Редкие волосы тщательно маскировали уже весьма заметную лысину. Одетый в темно-синюю рубашку в клетку и серые брюки, он больше был похож на банковского клерка или бухгалтера, чем на журналиста.
— Входи, входи, — пригласил его Сорокин. — Вот, Савелий Александрович, это журналист из английской радиокомпании. Мистер… — он замялся, вспомнив, что не согласовал фамилию с ее «обладателем».
— Дино Корти, — нашелся Дронго, назвав первую пришедшую ему на ум итальянскую фамилию. В Европе ему часто говорили, что он похож на итальянца, а в гостиницах или в ресторанах, где он оставлял чаевые, его обычно благодарили по-итальянски.
— Господин Корти живет в Италии, — начал Сорокин, — он хочет встретиться и поговорить с нашими ребятами насчет погибшего Славы Звонарева. Они собираются делать о нем репортаж.
— У нас же никто не говорит по-итальянски, — удивился Корытин, — если по-английски, то тогда — да.
— Я говорю по-русски, — улыбнулся Дронго, изобразив мягкий акцент.
— Тогда проблем нет, — кивнул Корытин, — идемте ко мне, мы все обсудим.
Дронго поднялся, кивая на прощание Сорокину. В отличие от кабинета главного, где царил полный порядок и присутствовал некий шарм, небольшой кабинет «рабочей лошади» редакции являл собой пример полного творческого беспорядка.
— Садитесь, — и хозяин показал гостю на один из трех стульев, свободных от бумаг и подшивок.
Дронго сел, с любопытством оглядываясь.
— Вы работаете в России? — спросил его хозяин кабинета.
— В последнее время да, — кивнул Дронго.
— А вы хорошо говорите по-русски, — заметил Корытин. — Что вас интересует конкретно? Хотите сделать материал о несладкой жизни российских журналистов?
— Нет. Мне интересен факт смерти одного Звонарева.

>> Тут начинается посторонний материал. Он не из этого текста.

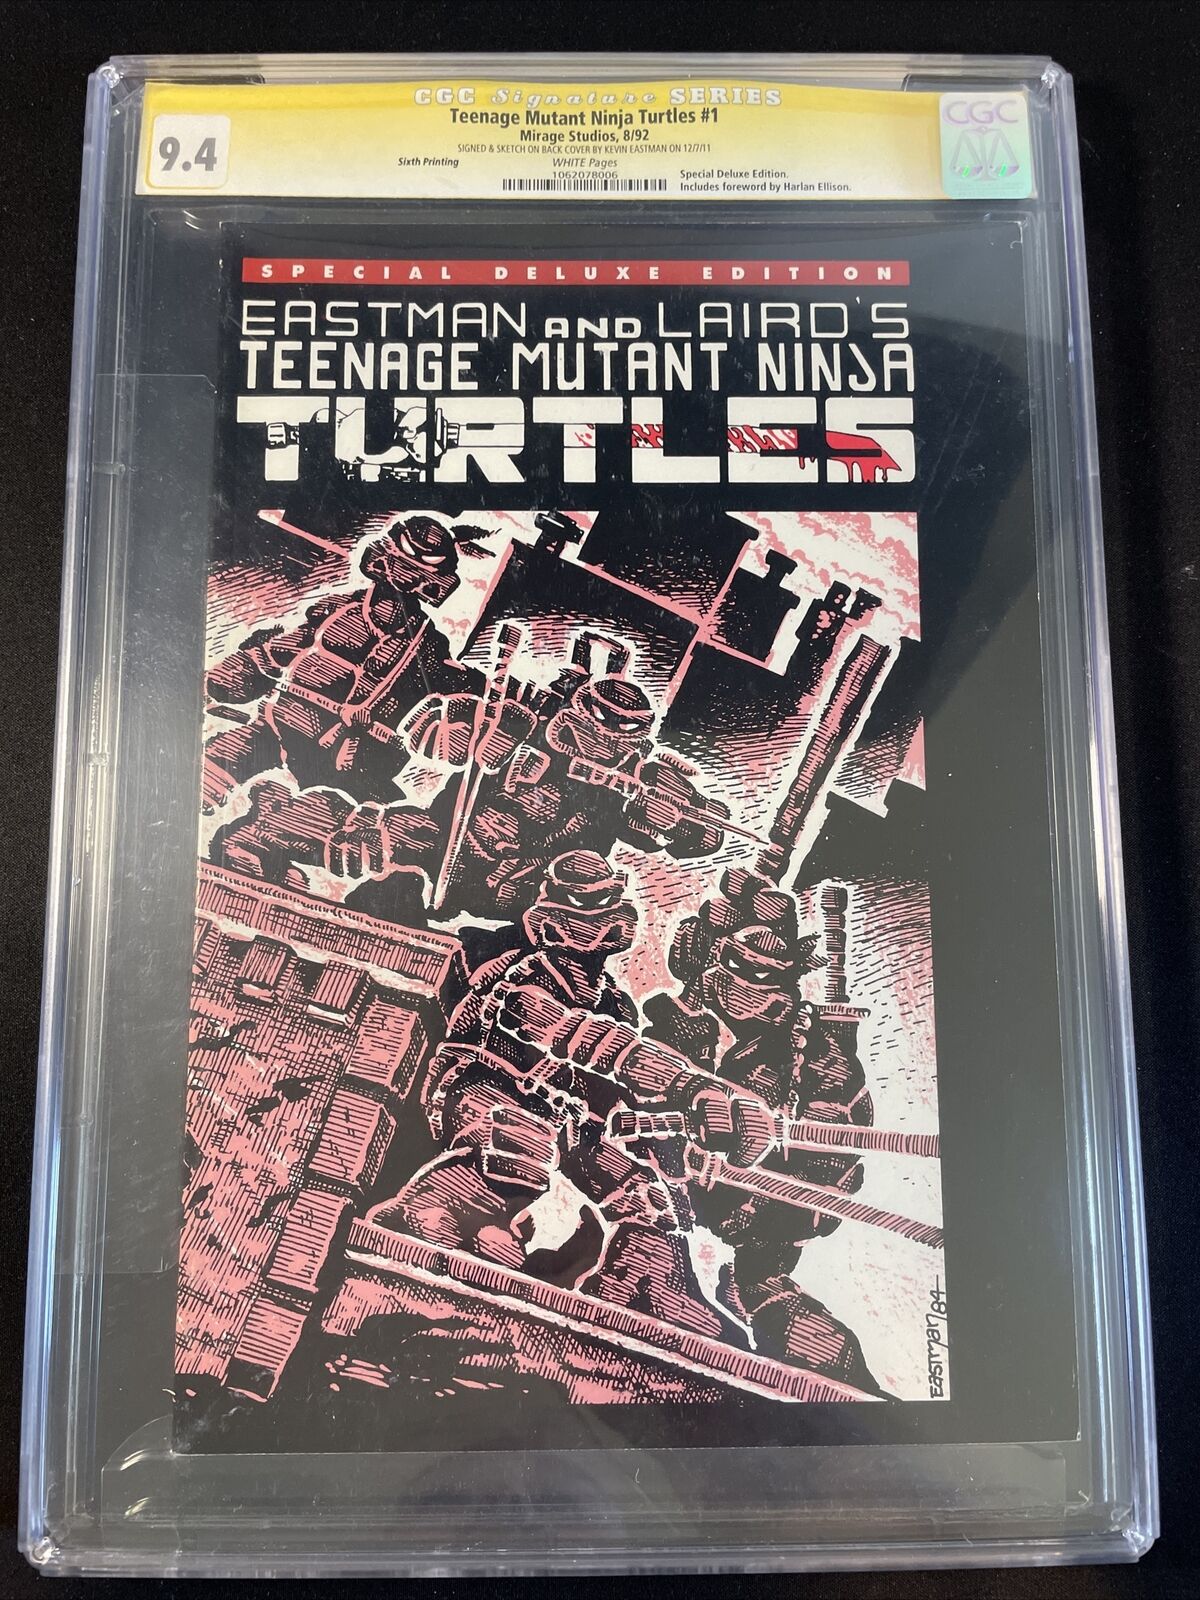 Teenage Mutant Ninja Turtles #1 CGC 9.4 SS 6th Print w/ HUGE Sketch back Cover

Как он погиб, почему…
О чем он писал, что думал, с кем общался. Мне нужно знать все о его жизни, не только о смерти.
— Понятно, — вздохнул Корытин, снимая очки. Достав из кармана носовой платок, он протер стекла и снова водрузил очки на нос. — Итак, задавайте вопросы.
— Его убили две недели назад. Мне важно знать, какие именно статьи писал Звонарев перед смертью, над чем работал, какие темы затрагивал. Мне интересен феномен его успехов. Он ведь сумел стать за очень короткое время довольно известным журналистом. Наших слушателей будет интересовать, каким образом в России возникают звезды.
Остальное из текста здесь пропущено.